:: Exercise instructions ::
Copy out the data in full and exactly, passing over the pictures.

:: Supplied data ::
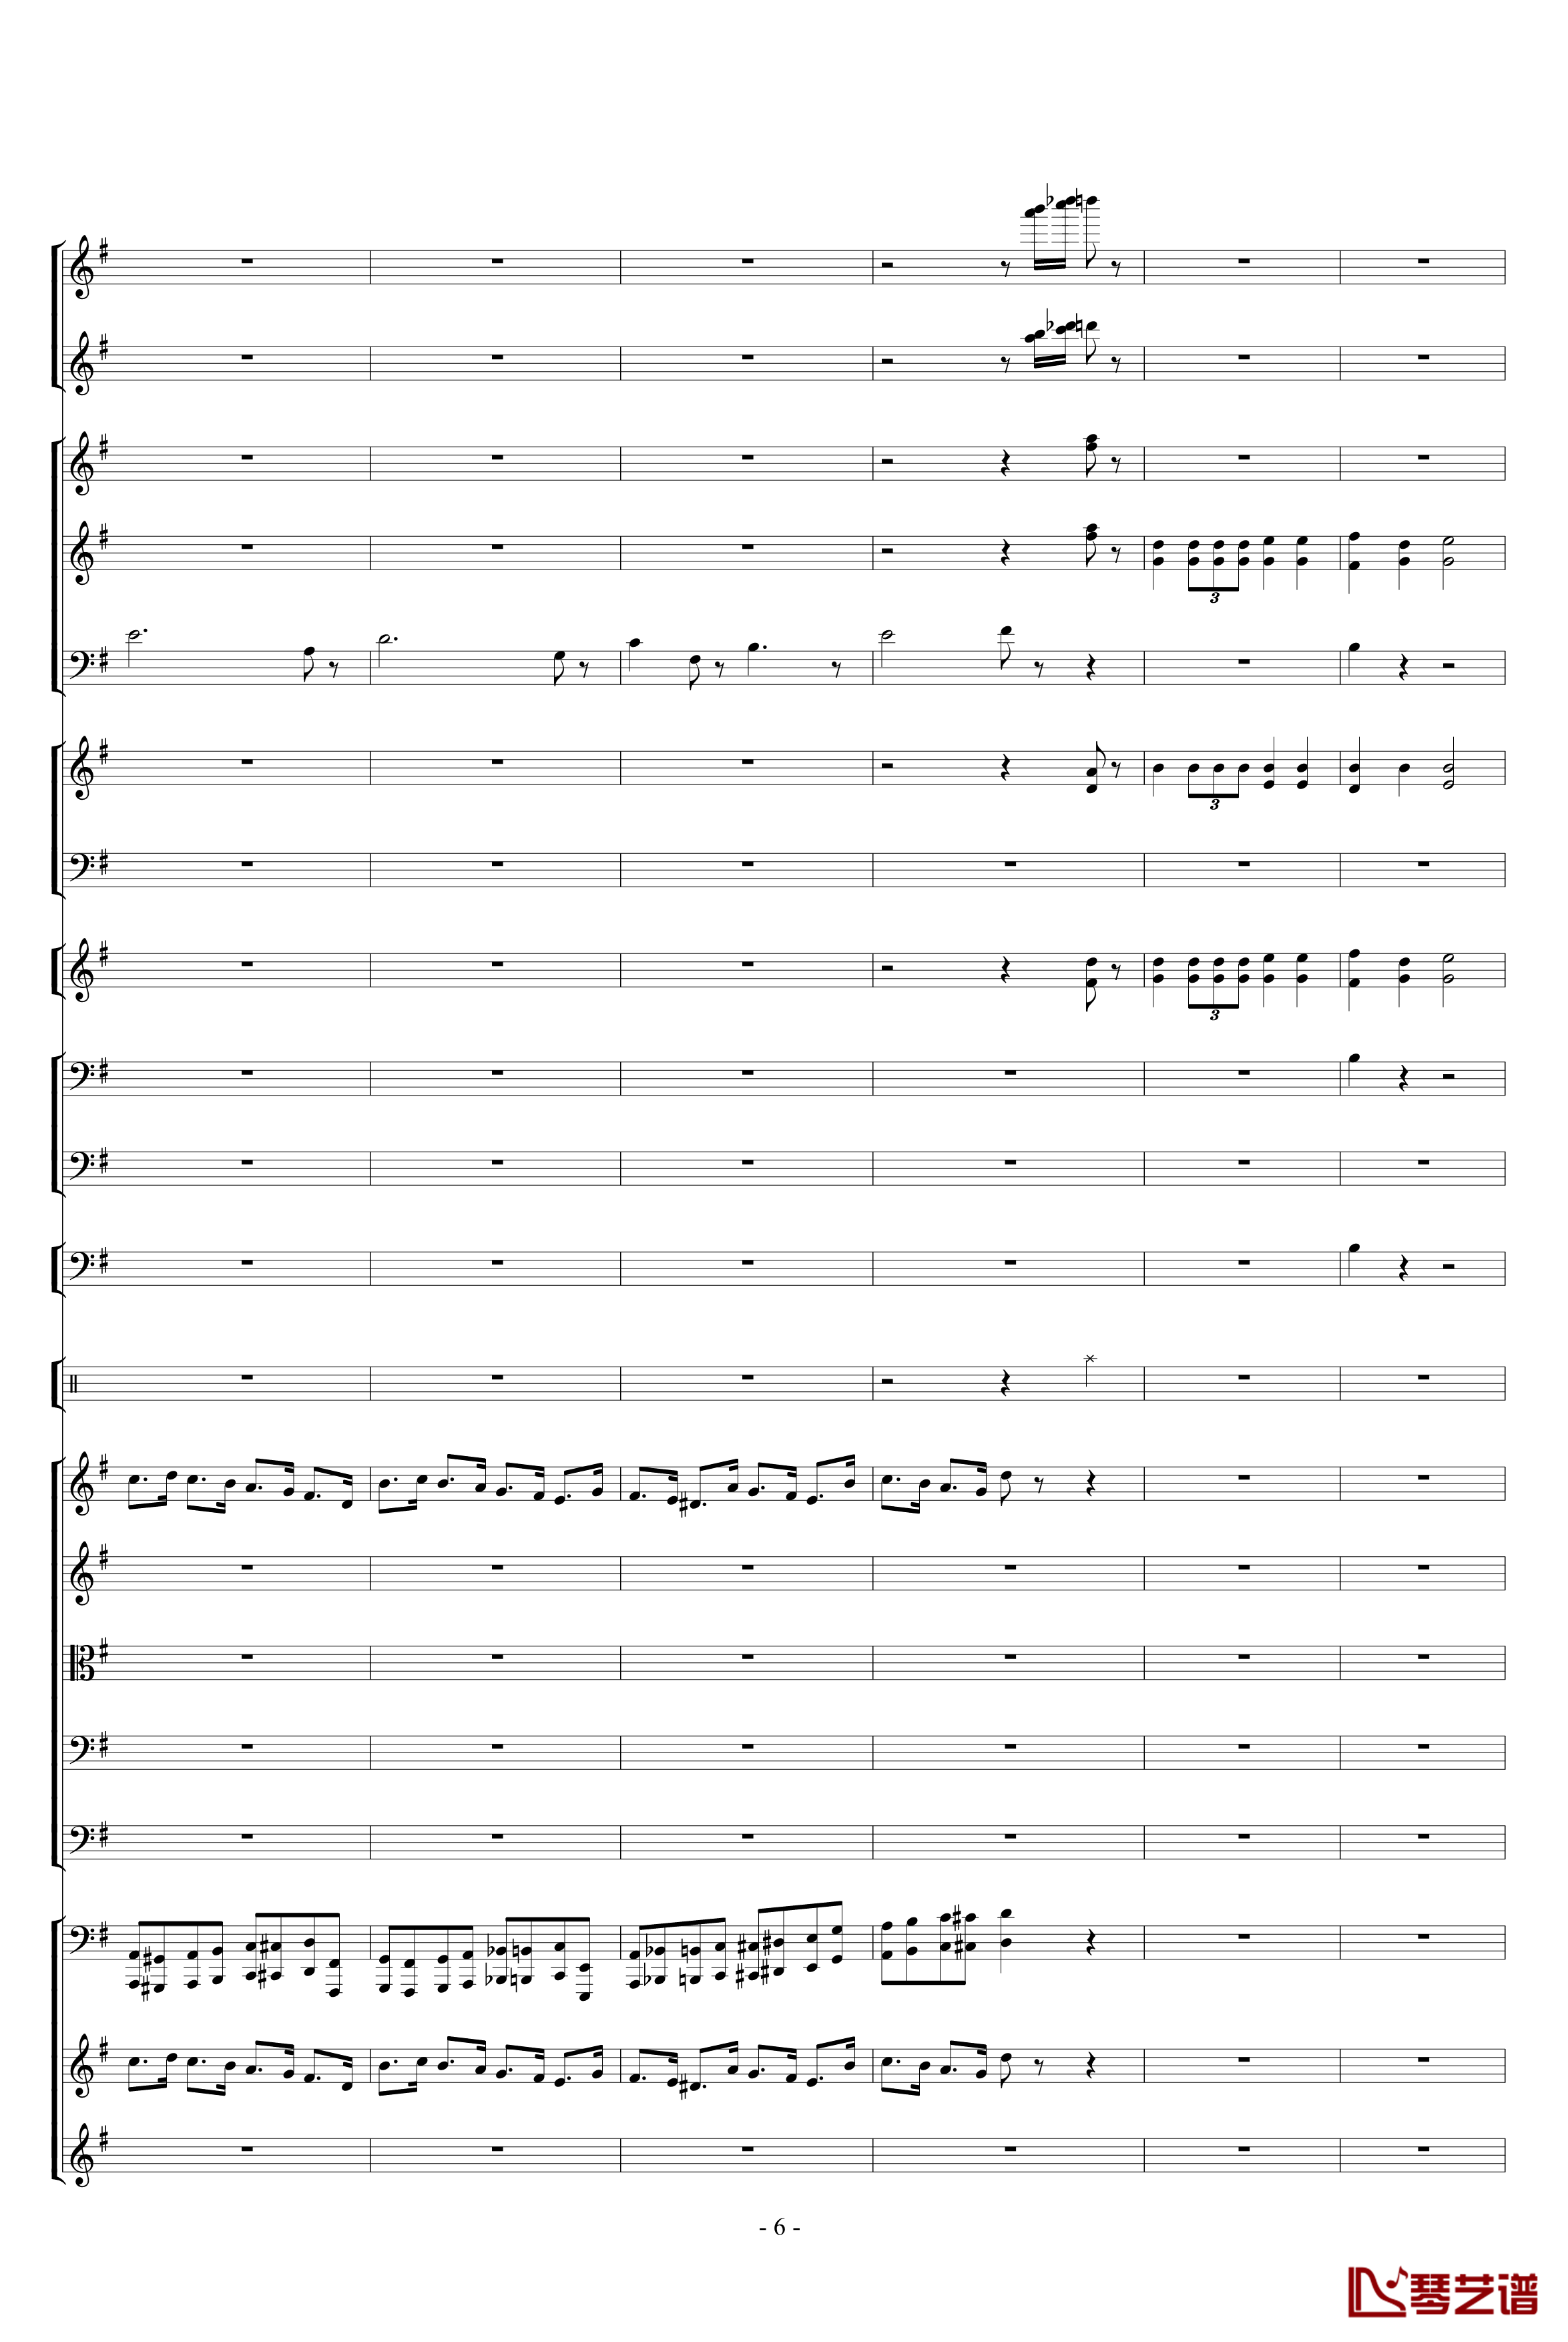 胡桃夹子组曲之进行曲钢琴谱-柴科夫斯基-Peter Ilyich Tchaikovsky6
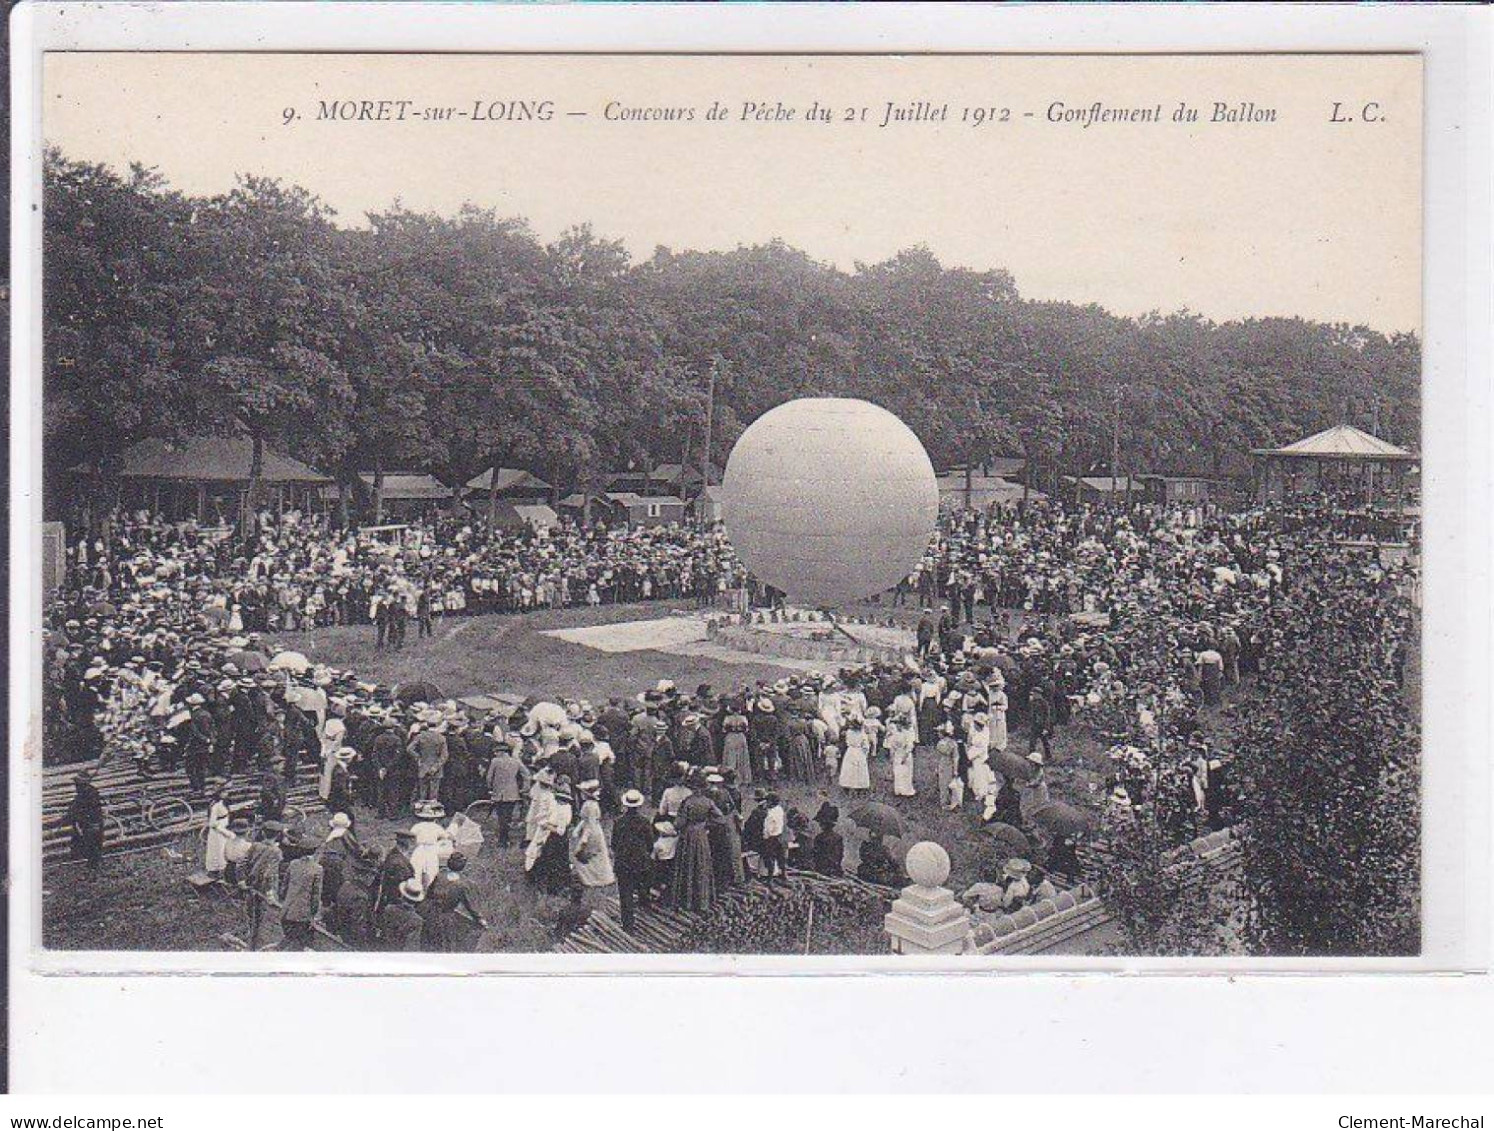 MORET-sur-LOING: Concours De Pêche Du 21 Juillet 1912, Gonflement Du Ballon - Très Bon état - Moret Sur Loing
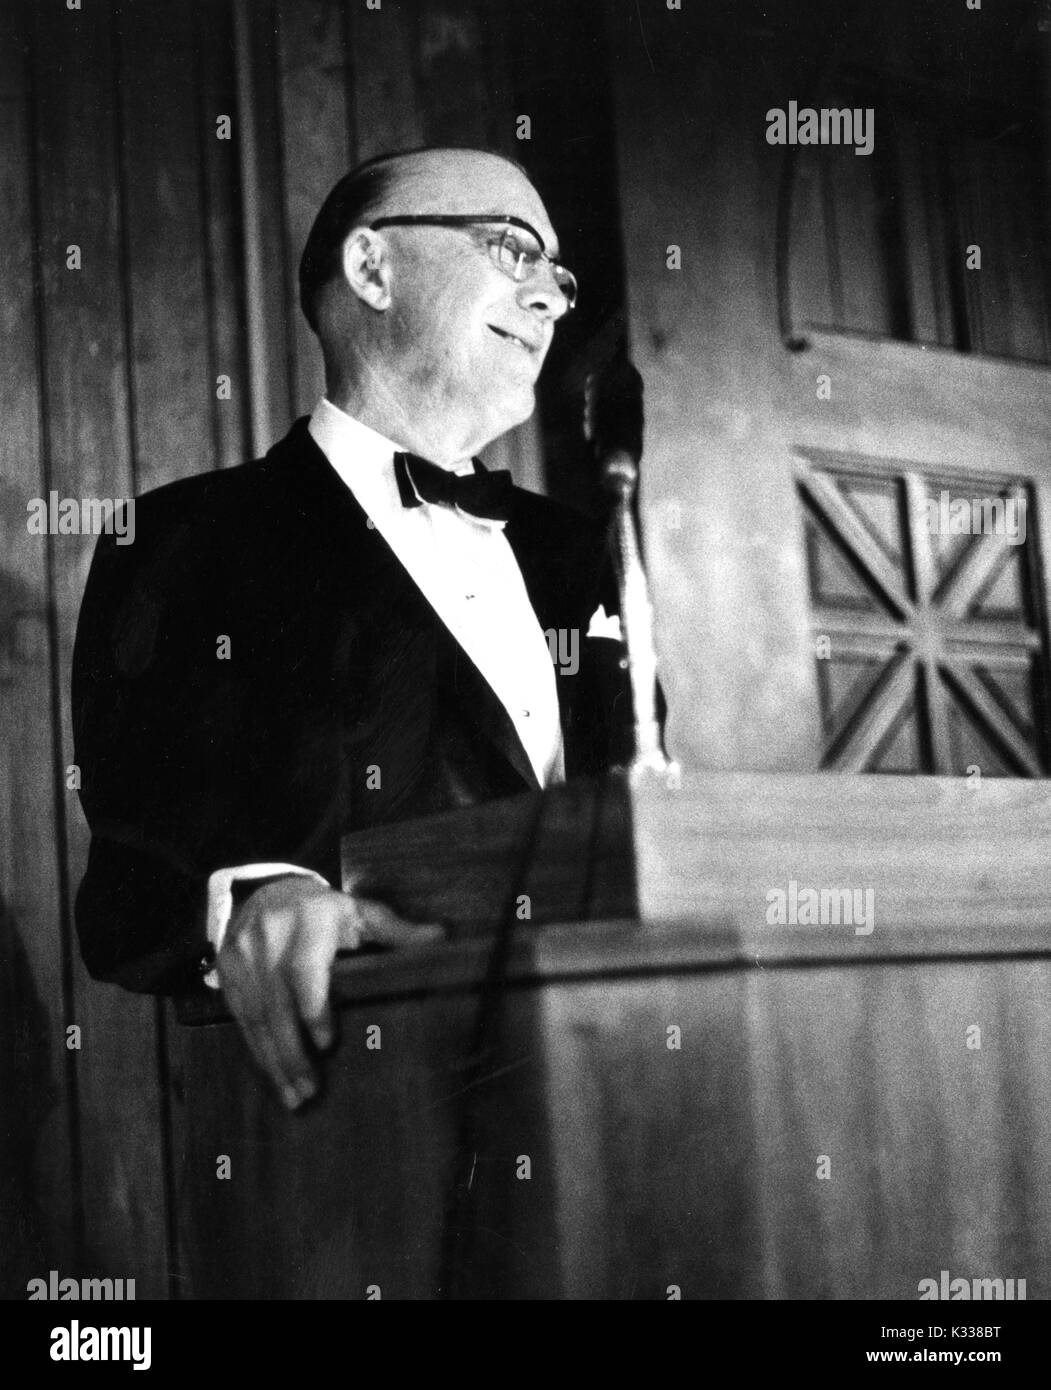 Portrait de Candide American educational administrator et président de l'Université Johns Hopkins, Milton S. Eisenhower debout sur un podium livrant un discours lors d'un dîner de l'association, 1971. Banque D'Images
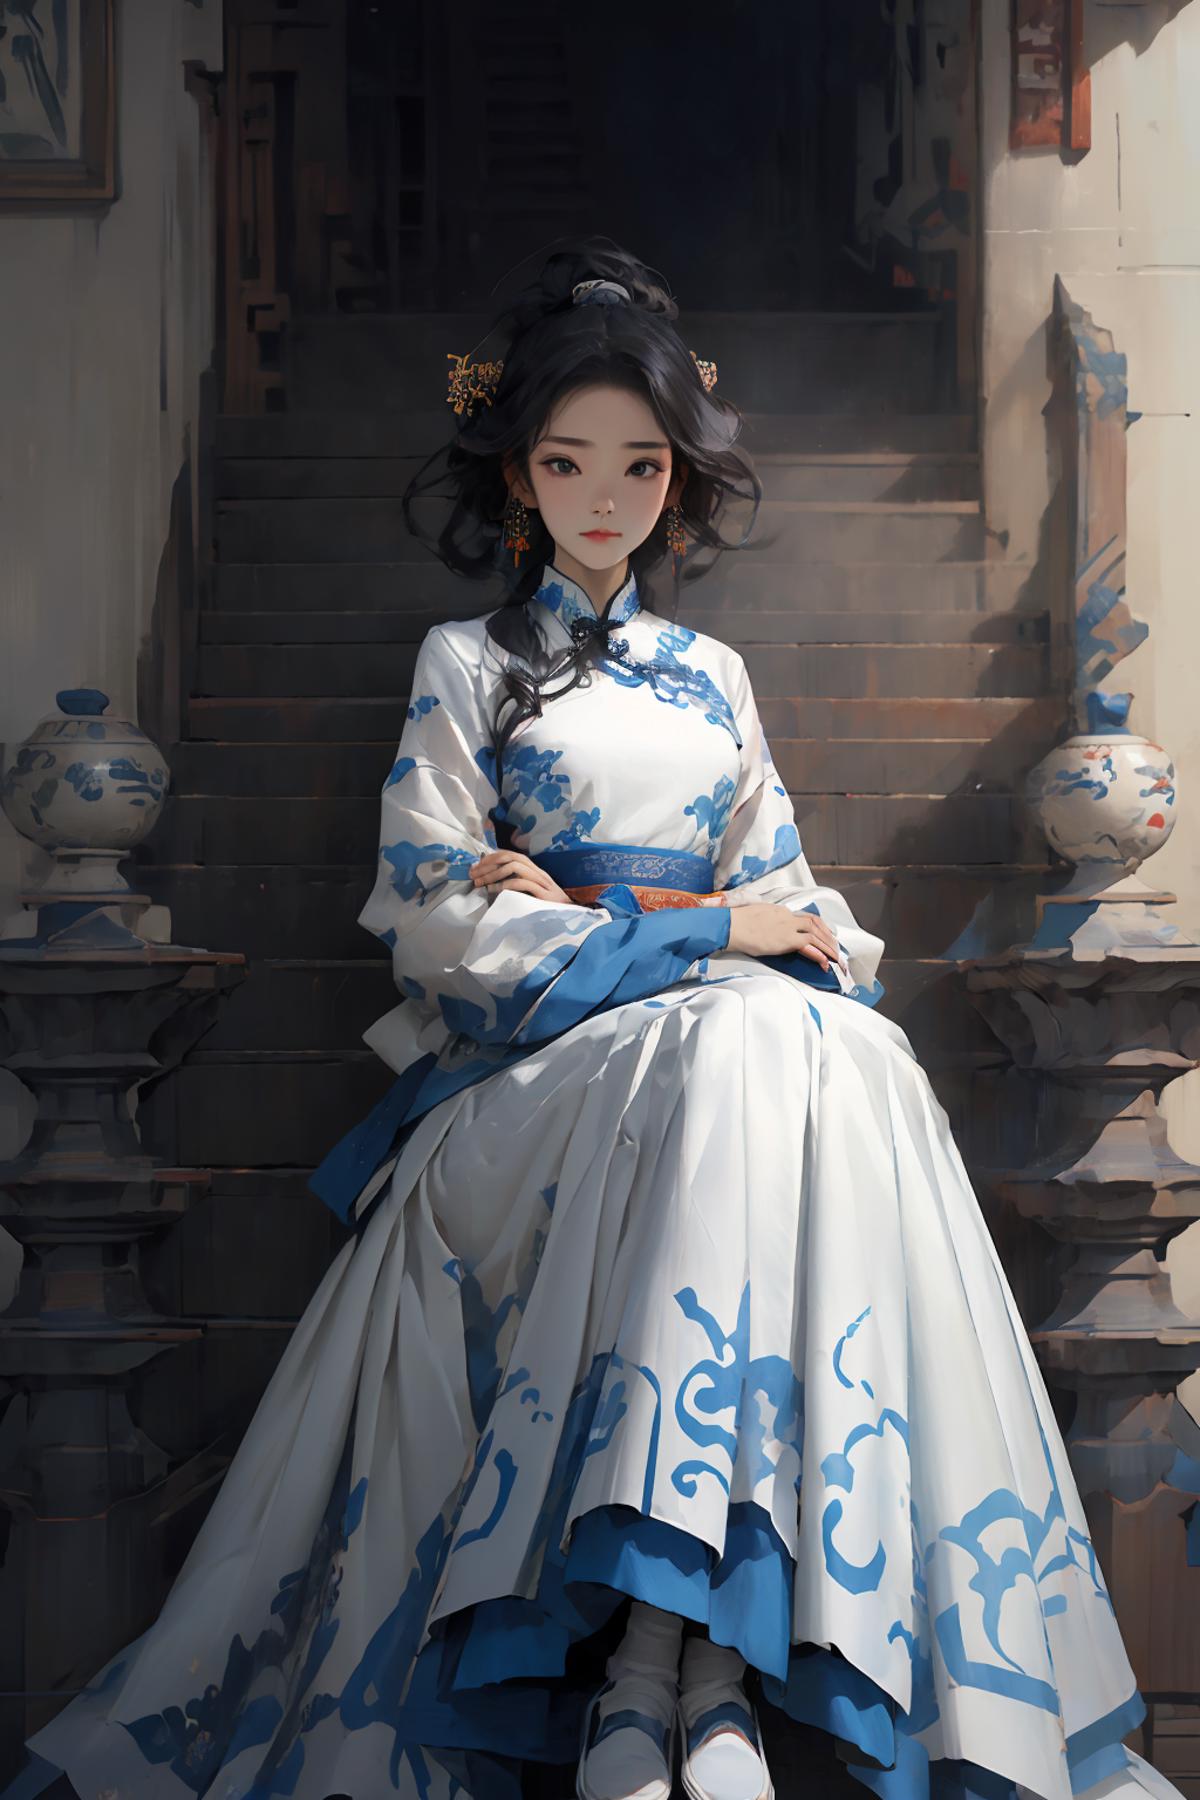 青花 blue-and-white | Chinese ornament image by XiongSan

:: Written response ::
 胡桃夹子组曲之进行曲钢琴谱-柴科夫斯基-Peter Ilyich Tchaikovsky6
 MORET-sur-LOING: Concours De Pêche Du 21 Juillet 1912, Gonflement Du Ballon - Très Bon état - Moret Sur Loing
 Portrait de Candide American educational administrator et président de l'Université Johns Hopkins, Milton S. Eisenhower debout sur un podium livrant un discours lors d'un dîner de l'association, 1971. Banque D'Images
 青花 blue-and-white | Chinese ornament image by XiongSan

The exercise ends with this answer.